México cerró mayo con un superávit comercial de 2.259 millones de dólares, impulsado por un aumento del 25,4 % en las exportaciones totales hasta 69.544 millones. El dato, difundido por el Inegi, representa un crecimiento del 83,4 % frente al mismo mes de 2025 y sigue al excedente de abril. Las ventas no petroleras, que representan la mayor parte del flujo, crecieron 25,6 % y se dirigieron principalmente a Estados Unidos.

El retroceso mensual frente a abril se explica por la reducción del superávit no petrolero y el mantenimiento del déficit petrolero. Las importaciones, por su parte, subieron 24 % hasta 67.285 millones de dólares, con las compras de hidrocarburos creciendo a mayor ritmo (27,9 %). Esta dinámica refleja una economía que sigue dependiendo de insumos importados para sostener su aparato manufacturero orientado a la exportación.

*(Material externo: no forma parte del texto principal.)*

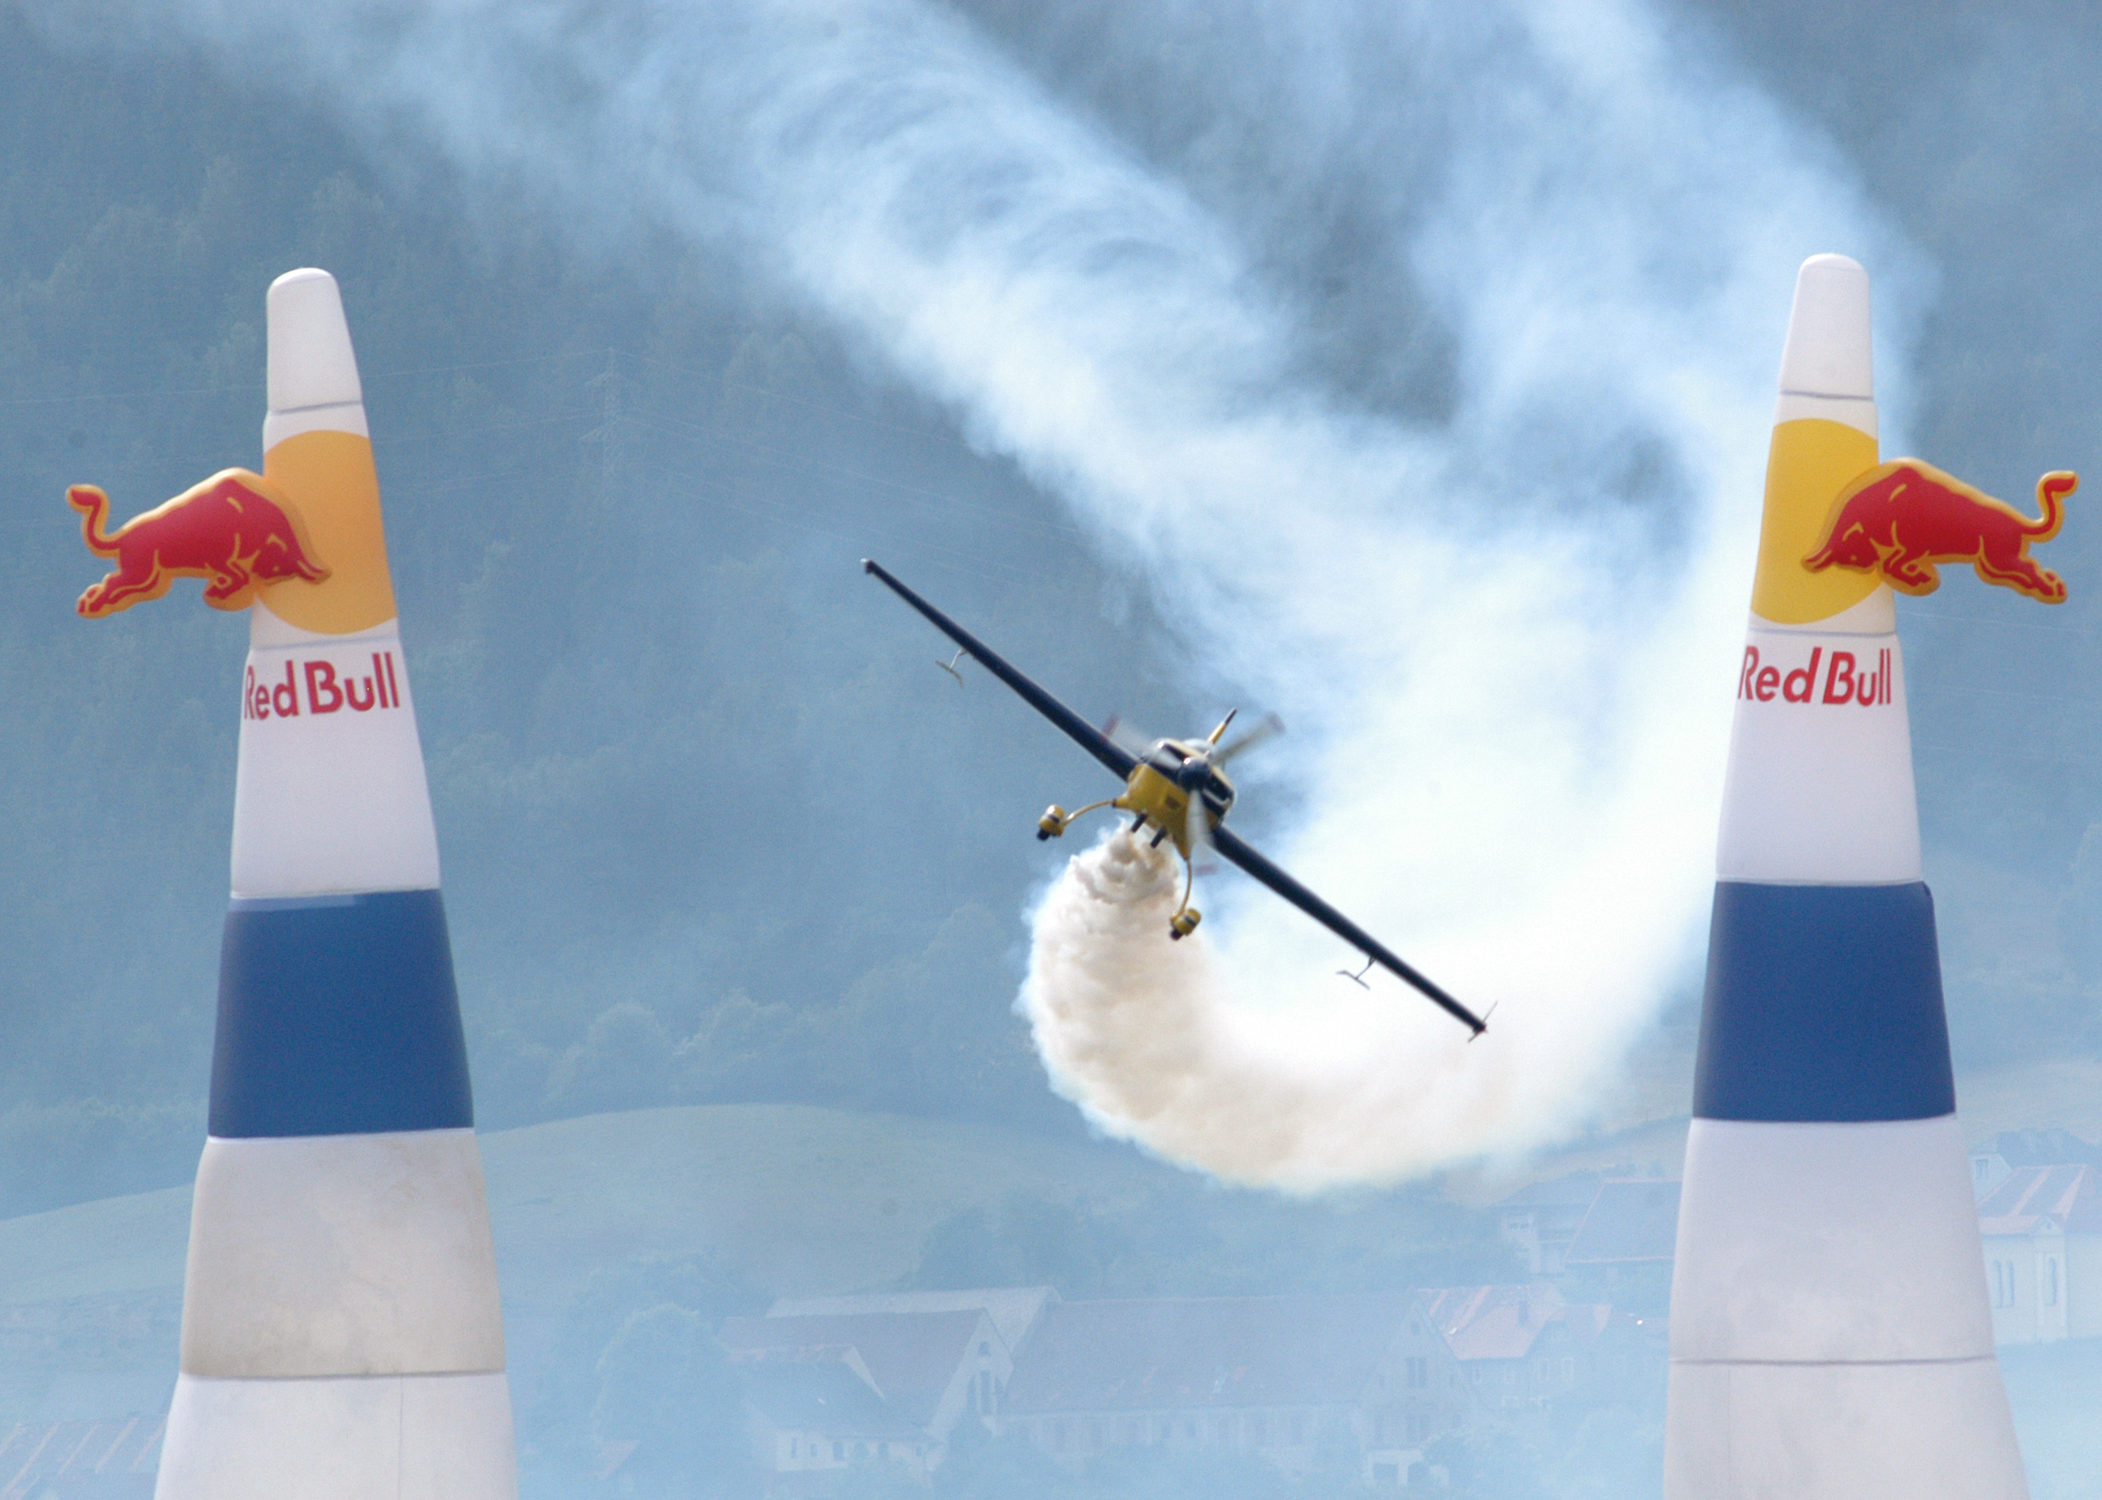 red bull air race, Airplane, Plane, Race, Racing, Red, Bull, Aircraft, Fs Wallpaper

Resiliencia manufacturera ante riesgos externos
El resultado confirma la fortaleza del sector manufacturero mexicano y su integración con el mercado estadounidense bajo el T-MEC. Sin embargo, la persistencia del déficit petrolero y la elevada dependencia de un solo destino comercial exponen al país a fluctuaciones de precios energéticos y a posibles cambios en la política arancelaria. Los pronósticos del FMI y el Banco Mundial sobre una posible recesión, aunque eludidos hasta ahora, siguen vigentes si se materializan nuevas barreras comerciales.
Balance y perspectiva
El superávit de 2025, de 771 millones de dólares, contrasta con el déficit de 2024 y muestra una balanza más equilibrada gracias a la diversificación parcial de mercados y al menor peso relativo del petróleo. No obstante, el crecimiento de las importaciones no petroleras indica que el dinamismo exportador sigue requiriendo insumos externos, lo que limita el efecto neto sobre las reservas internacionales. La trayectoria futura dependerá de la estabilidad del T-MEC y de la capacidad de México para absorber shocks externos sin perder competitividad.